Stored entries
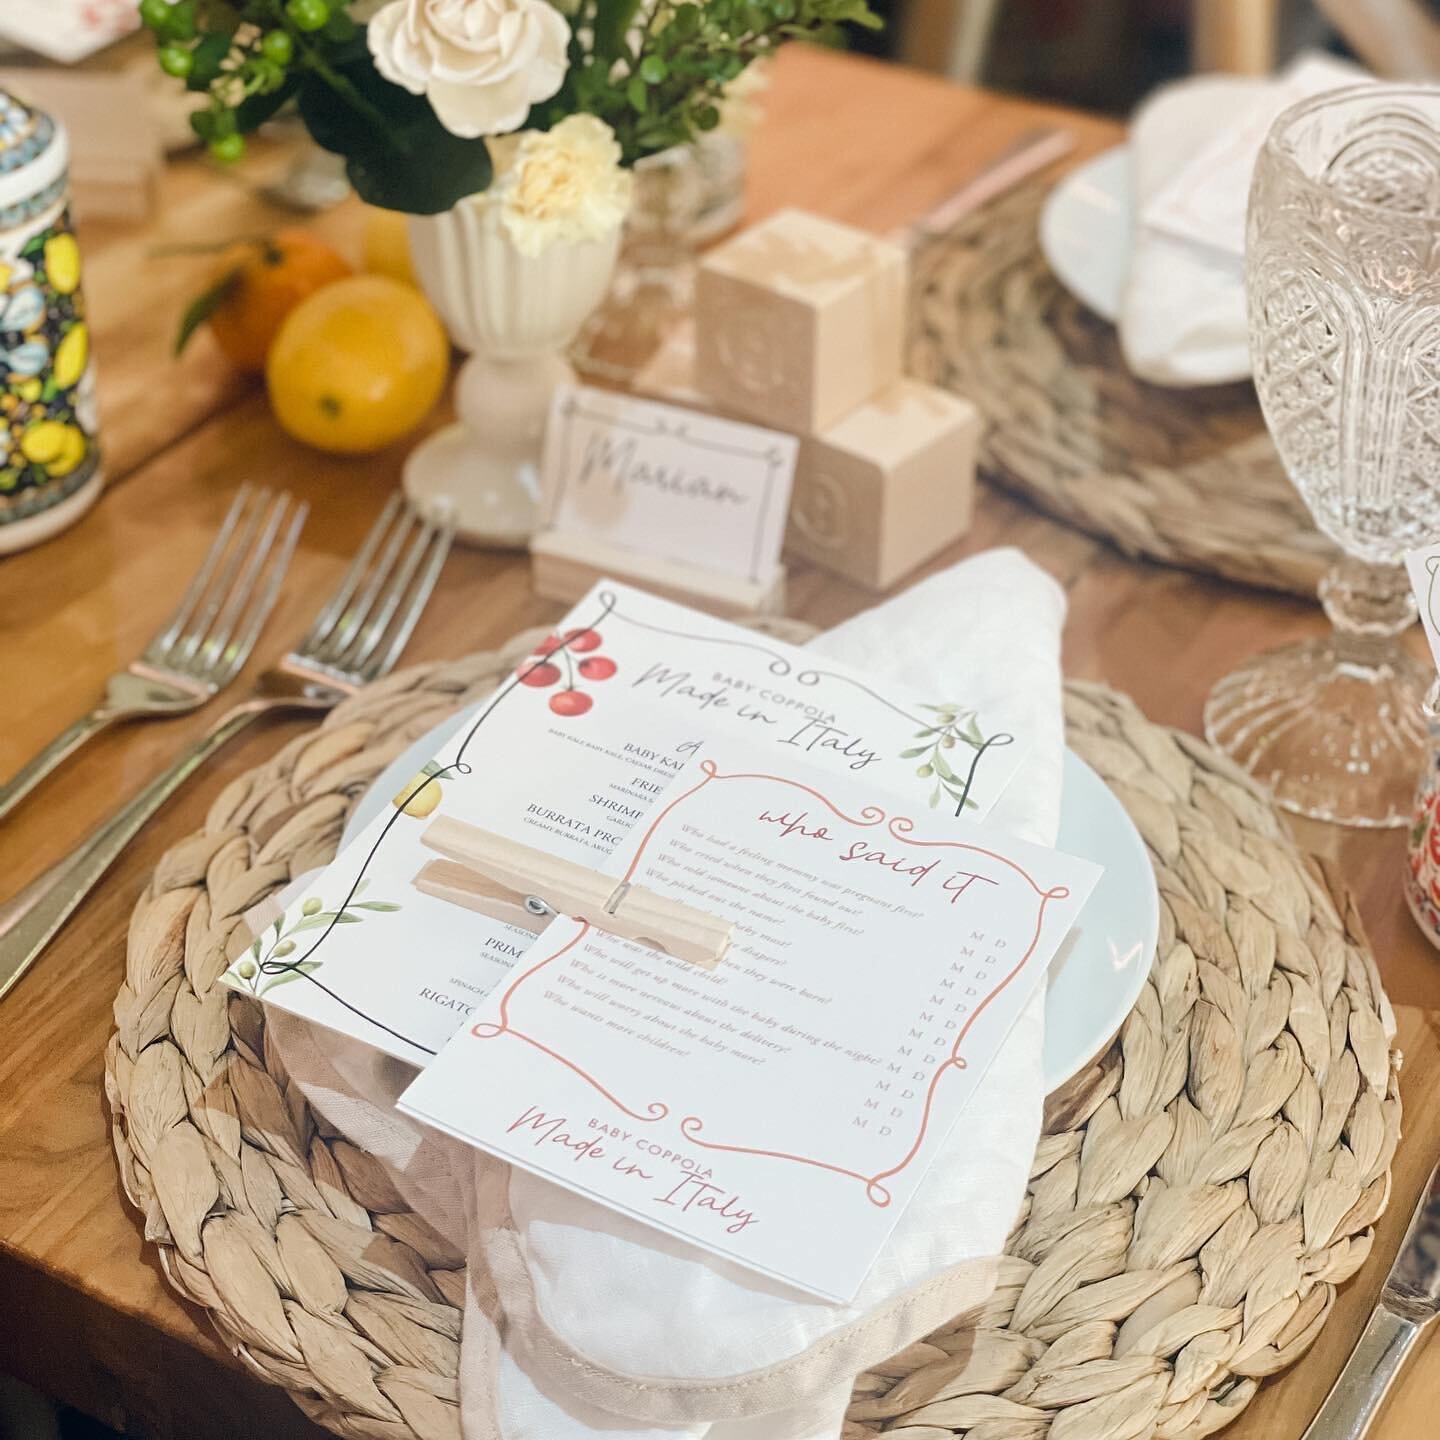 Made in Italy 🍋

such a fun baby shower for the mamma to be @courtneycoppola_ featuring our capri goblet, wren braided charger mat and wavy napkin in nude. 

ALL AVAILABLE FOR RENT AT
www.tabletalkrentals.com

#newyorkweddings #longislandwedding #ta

◆ **Problem statement**
Lines from the one containing "such a fun baby" through the final line of the entries above are to be output exactly; omit all others.

◆ **Result of this task**
such a fun baby shower for the mamma to be @courtneycoppola_ featuring our capri goblet, wren braided charger mat and wavy napkin in nude. 

ALL AVAILABLE FOR RENT AT
www.tabletalkrentals.com

#newyorkweddings #longislandwedding #ta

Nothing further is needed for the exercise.